Description of the task
Set the material down again exactly, line by line, skipping each picture.

Source data
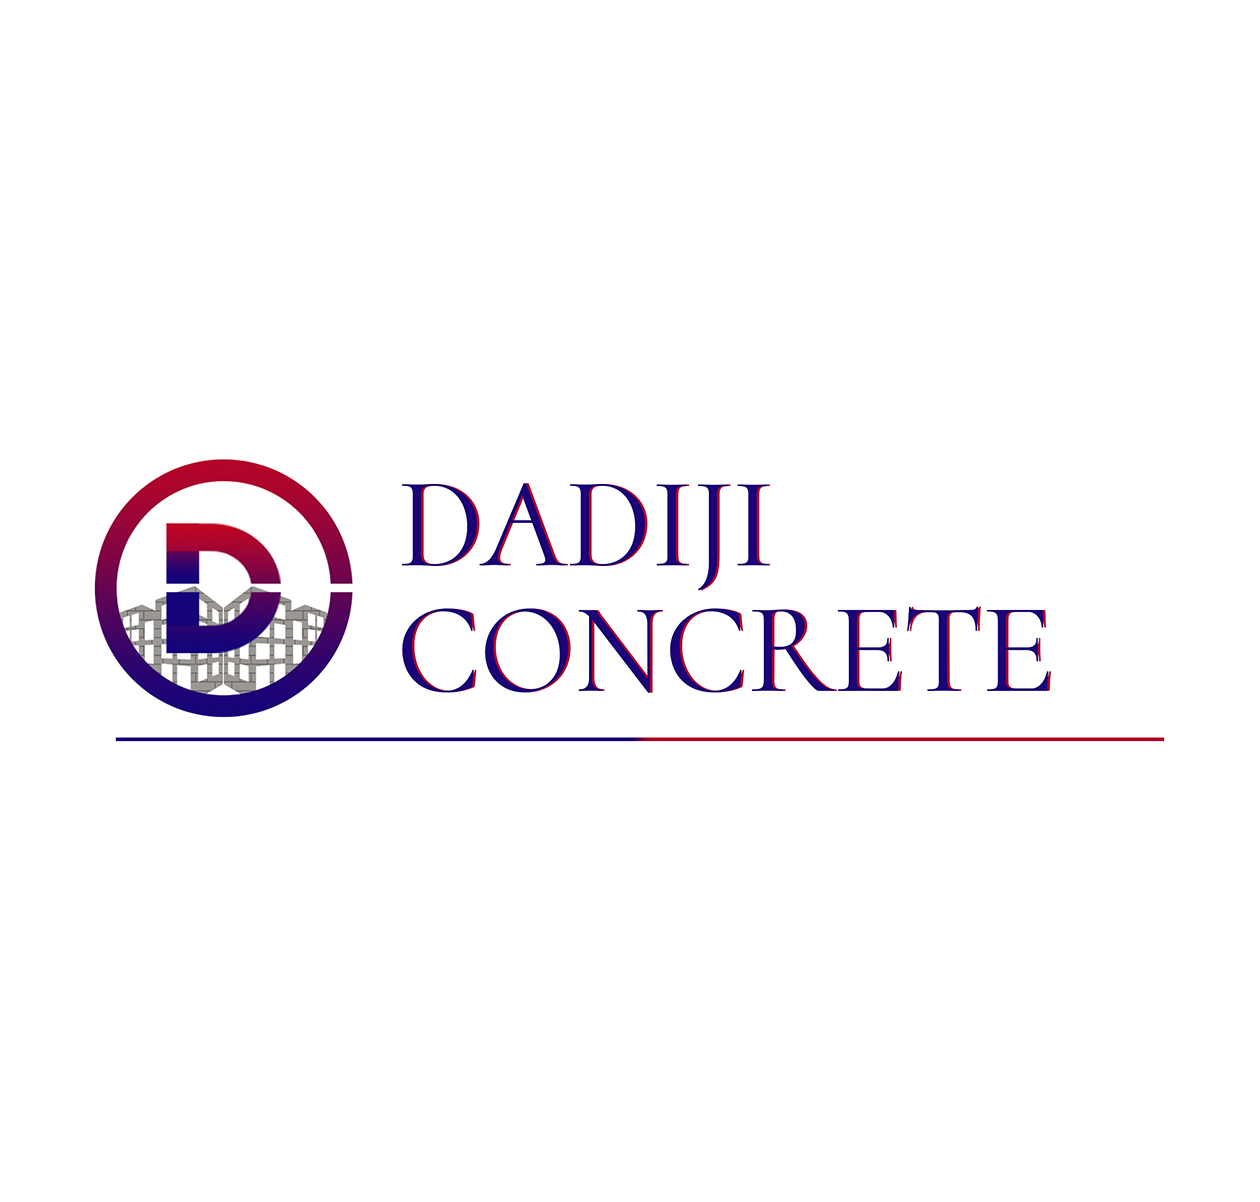 Dadiji Concrete
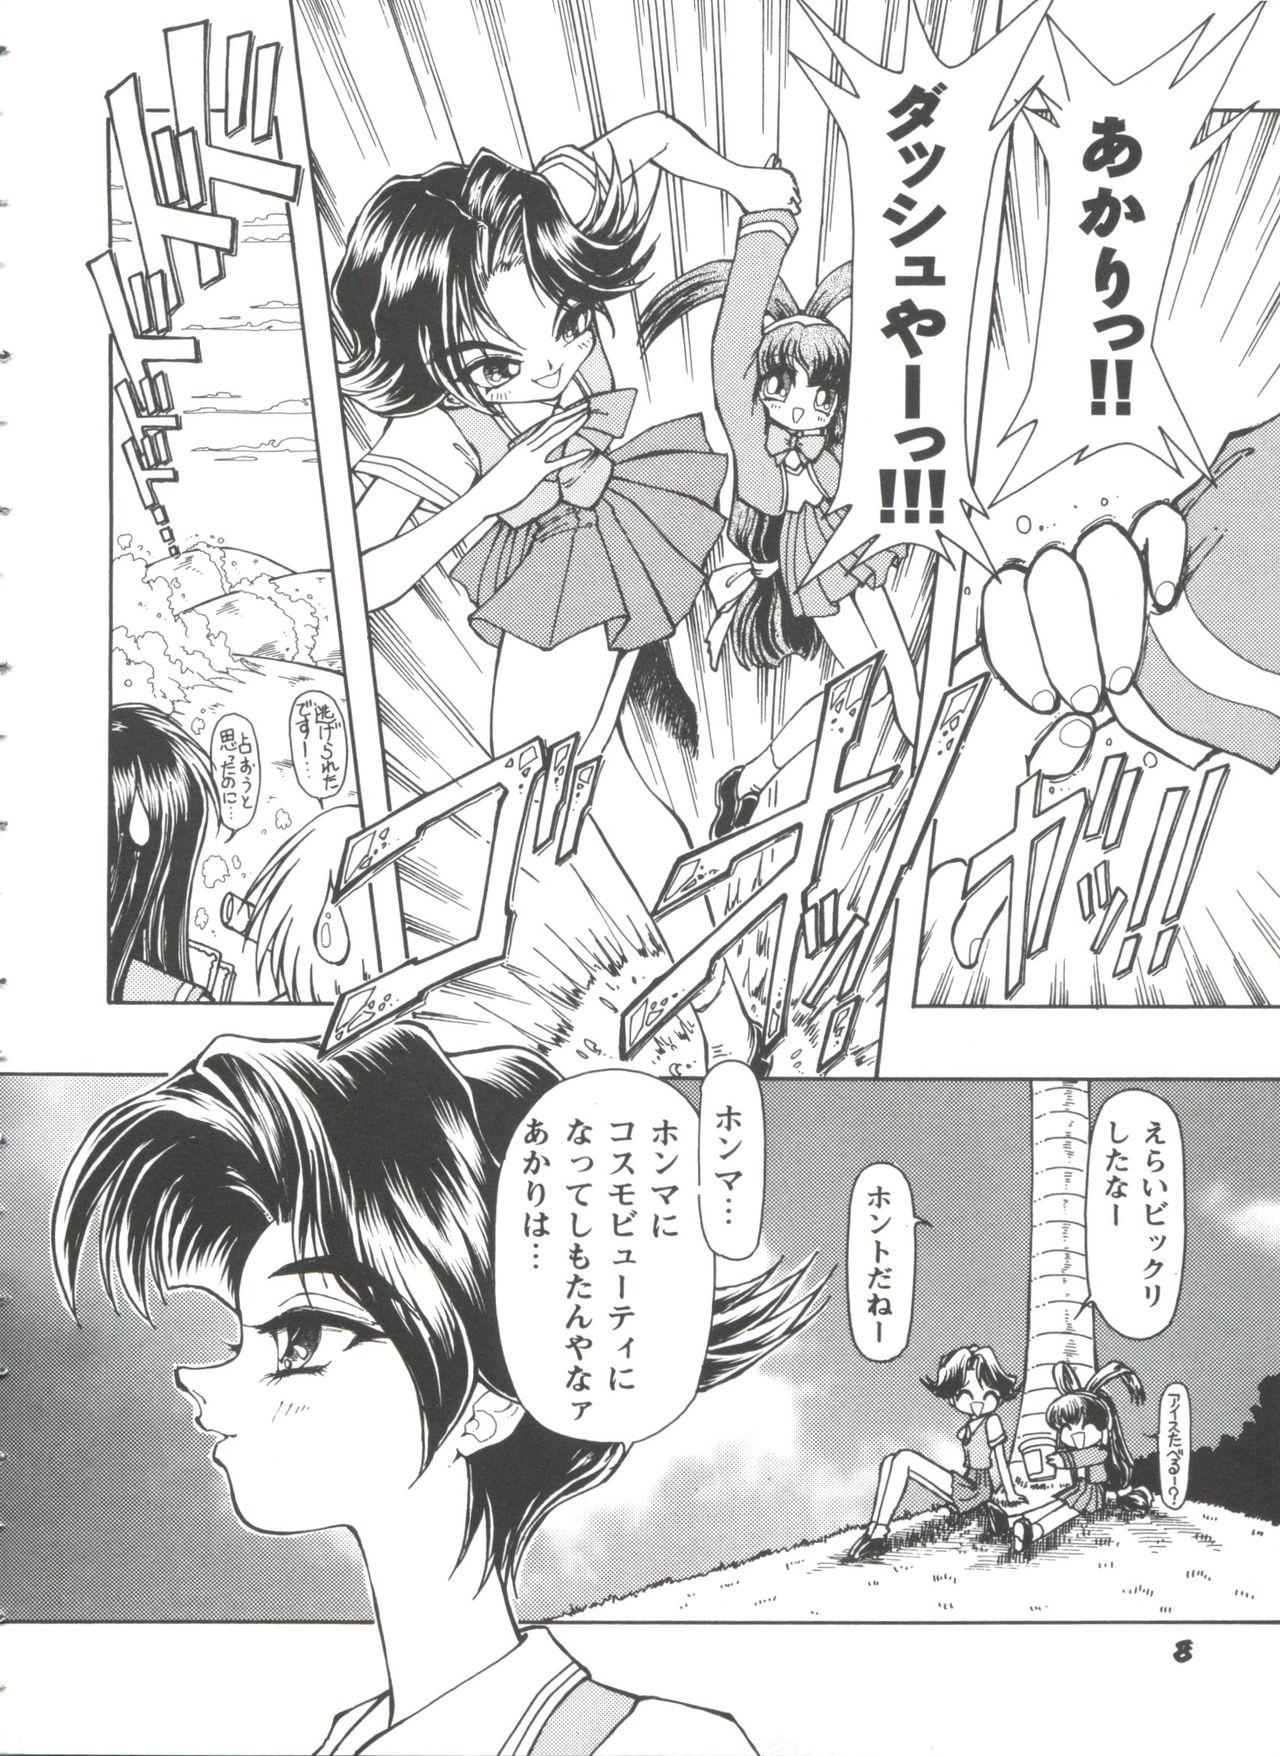 Bj Girl's Parade 98 Take 10 - Street fighter Darkstalkers Sakura taisen Battle athletes Akihabara dennou gumi Naughty - Page 9
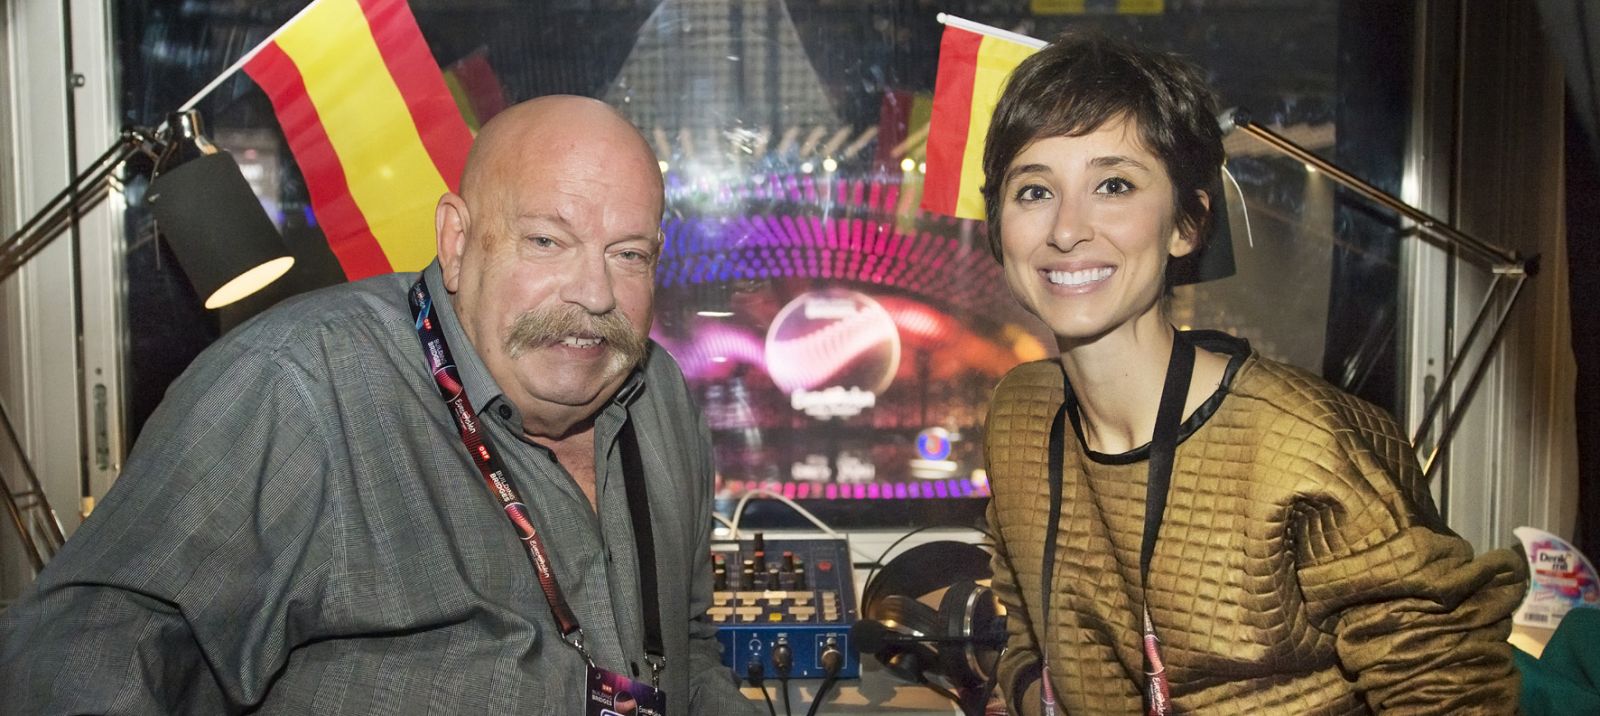 José María Íñigo y Julia Varela en la cabina de comentaristas en Eurovisión 2015

Result
 Dadiji Concrete
 Bj Girl's Parade 98 Take 10 - Street fighter Darkstalkers Sakura taisen Battle athletes Akihabara dennou gumi Naughty - Page 9
 José María Íñigo y Julia Varela en la cabina de comentaristas en Eurovisión 2015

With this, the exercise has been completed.